To add your SSH keys to code.wm.edu, visit the SSH Keys settings page in your user settings and paste your public key in the key field, give the key a suitable title, and click the add key button. Please make sure you paste your public key (e.g. wmhpc.pub) and not your private key! Once your public key is available on code.wm.edu, the bastion host should find it when you log in, enabling passwordless authentication.

Once you’ve upload your public key to Gitlab (code.wm.edu), try the ssh -J command again from before. It should bypass the 2FA authentication for bastion and jump you directly to the subcluster.

Setting up .ssh/config

We can even further streamline this process by doing some basic configuration of our config file.
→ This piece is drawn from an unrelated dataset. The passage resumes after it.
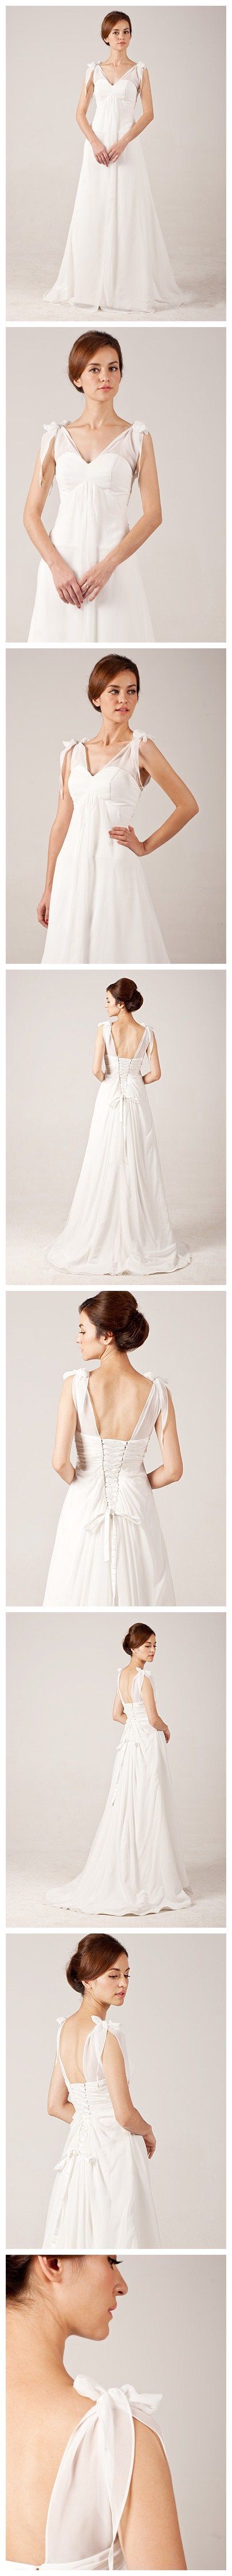 Graceful Simple V-neck Chiffon Wedding Dress with Bows On Shoulder

Navigate to your personal laptop’s ~/.ssh directory and create/open a file called config. Then add the following configurations:

Host bastion
  HostName bastion.wm.edu
  IdentityFile ~/.ssh/wmhpc
  User <your username>

Host vortex
  HostName vortex.sciclone.wm.edu
  User <your username>
  ProxyJump bastion

The first set of instructions tells SSH that when it sees bastion, to replace it with the full domain location (bastion.wm.edu), to pass the private key at ~/.ssh/wmhpc, and to use user <your username>. So to access bastion now, you could just type ssh bastion (try it!).

The second set of instructions tells SSH that when it sees vortex, to do some similar replacements, and use the proxy server aliased as bastion which it now knows is bastion.wm.edu. So to access vortex, without even first going on bastion, you can just type ssh vortex (try it!).

Setting up SSH keys for other servers

For bastion, once we uploaded our public key to Gitlab and pointed our config at the associated private key, we avoided any manual authentication with SSH.

We can mirror this with other servers, but instead of pushing to Gitlab, we just push to the server’s authorized_keys file which lives in our home directory on that server. There’s even an SSH command to accomplish this:

ssh-copy-id -i ~/.ssh/<public_key_file> <user>@<remote_machine>

so in our case, since we’ve already done some work in the config file, this might look like:

ssh-copy-id -i ~/.ssh/hmwpc.pub vortex

Once you’ve pushed the public key to the server, add the appropriate IdentityFile line to your config file, and then try logging in again to the server with the very simple ssh vortex.

Voila! Repeat as necessary for other servers.

Note: our config file example earlier is very explicit, for clarity, but there are ways to reduce the repetitiveness, for example you can specify a config-wide user with:

Host *
  User <your username>

and WM offers a config-wide proxy jump setting with Host *.wm.edu !bastion !code.wm.edu ProxyJump user@bastion. Mileage may vary — try some things and see what works. Of note, when you save your config, you don’t have to restart the Terminal/Bash session, the changes take effect immediately, as you may have already noticed.